A manhã se arrastou, e eu já estava me preparando mentalmente para o passeio quando o celular vibrou no meu bolso. Era uma mensagem de Seiji. Ele queria saber se eu estava disponível para jogar alguma coisa à tarde. Por um momento, a ideia de escapar da situação desconfortável em que eu me encontrava me pareceu tentadora. Mas, ao olhar para minha família à minha volta, percebi que não poderia fugir disso.
“Não vai dar hoje, Seiji. Deixa pra outro dia”, digitei rapidamente, antes de desligar o celular e guardá-lo novamente no bolso. Ele não insistiu, mas eu sabia que ele ficaria curioso sobre o motivo pelo qual eu estava recusando.
Na tarde daquele mesmo dia, saímos de casa. O sol brilhava alto no céu, e a cidade parecia cheia de vida. Caminhamos pelas ruas, visitando algumas lojas, fazendo pequenas compras e, eventualmente, paramos para um piquenique em um parque tranquilo. Minha mãe estava animada, sugerindo atividades, comprando pequenas guloseimas para Hana, enquanto meu pai, claramente fazendo um esforço, tentava se envolver. Eu também tentava, mas tudo parecia forçado, como se estivéssemos tentando capturar algo que já havia escapado de nossas mãos.
O ambiente leve e descontraído que minha mãe tanto se esforçava para criar não conseguia dissipar a nuvem de tensão que pairava sobre nós. Meu pai fazia piadas ocasionais, tentando me arrancar um sorriso, mas eu só conseguia responder com um riso fraco e forçado. Estávamos conversando, mas havia um abismo entre nós, um silêncio subjacente que nenhum de nós sabia como romper.
Quando minha mãe e Hana decidiram entrar em uma loja para comprar algo, eu e meu pai ficamos sozinhos do lado de fora. O silêncio entre nós era palpável, pesado. O que eu poderia dizer para quebrá-lo? E se ele dissesse algo que eu não estava pronto para ouvir?

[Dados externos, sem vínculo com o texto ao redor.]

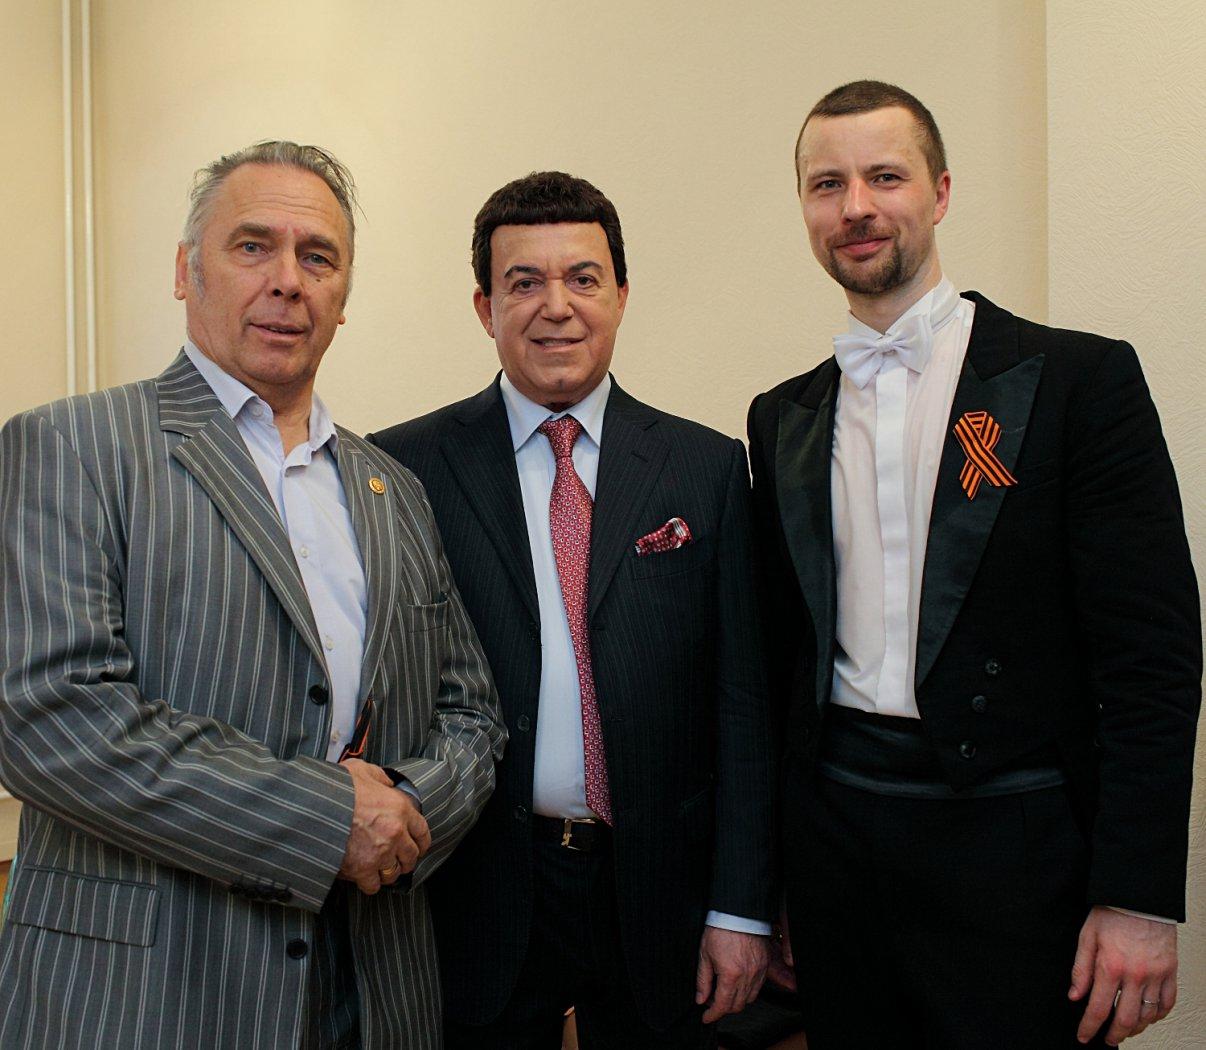 Владислав Иванович Пьявко, Иосиф Давыдович Кобзон, Владимир Шкуровский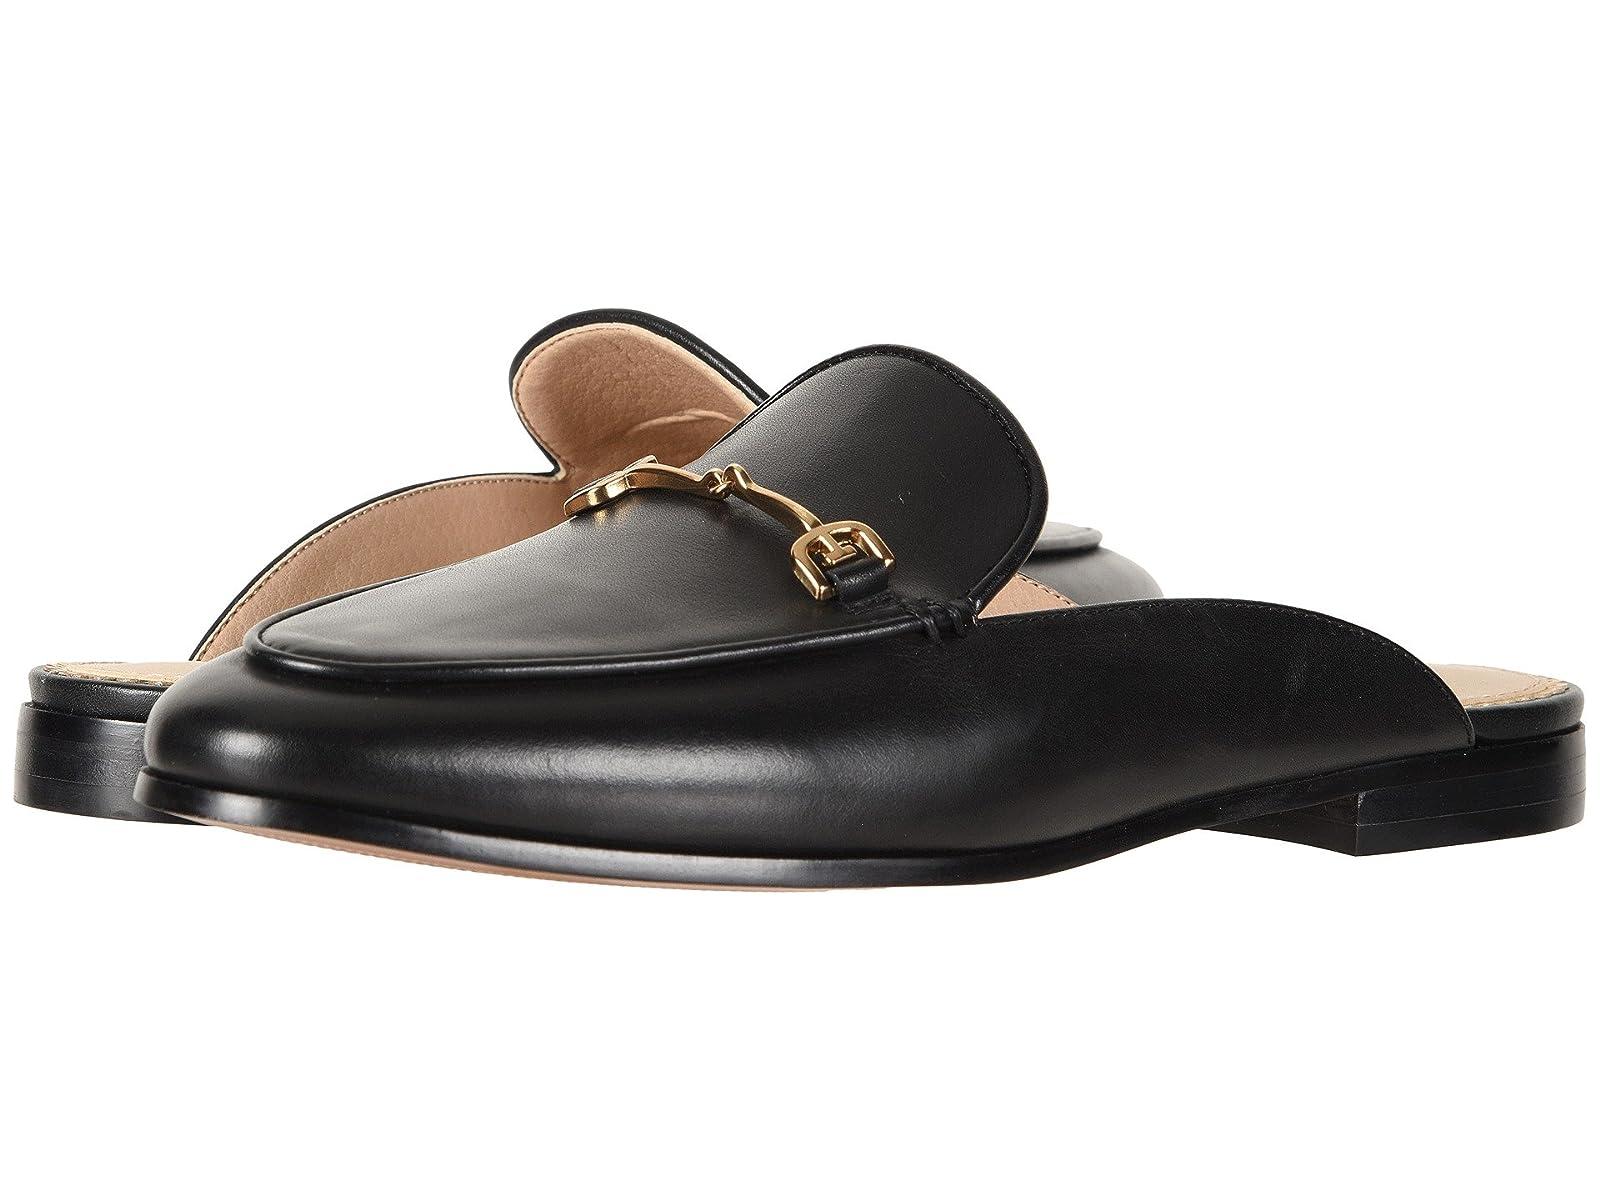 Sam Edelman LinnieAtmospheric grades have affordable shoes

Finalmente, foi ele quem quebrou o silêncio, com uma pergunta simples, mas que parecia carregar um peso maior do que deveria.
— Como estão as coisas para você, Shin? Na escola, no trabalho… Está tudo bem?
Eu olhei para ele, tentando decifrar a expressão em seu rosto. Ele parecia genuinamente interessado, mas havia algo em seu tom que me fez sentir que essa não era apenas uma pergunta casual. Talvez ele estivesse tentando se conectar comigo de novo, mas eu não sabia como responder de forma que não soasse indiferente.
— Estão bem — respondi, tentando manter minha voz neutra. — A escola está… normal. E o trabalho na biblioteca é tranquilo.
Ele assentiu, mas o silêncio voltou a se instalar entre nós. Por que eu estava me sentindo tão desconfortável? Era como se soubéssemos que havia algo a ser dito, mas nenhum dos dois tivesse coragem de começar.
Depois de alguns minutos, eu não consegui mais segurar a pergunta que martelava em minha cabeça desde que ele voltou para casa. Eu precisava saber.
— Pai… — minha voz saiu mais hesitante do que eu pretendia, mas continuei. — Qual é o verdadeiro motivo de você ter voltado?
Ele olhou para mim, surpreso com a pergunta direta. Eu podia ver a hesitação em seus olhos, como se estivesse procurando as palavras certas, ou talvez se perguntando se deveria mesmo me contar.
— Como assim? — ele perguntou, tentando ganhar tempo, mas eu não deixei isso passar.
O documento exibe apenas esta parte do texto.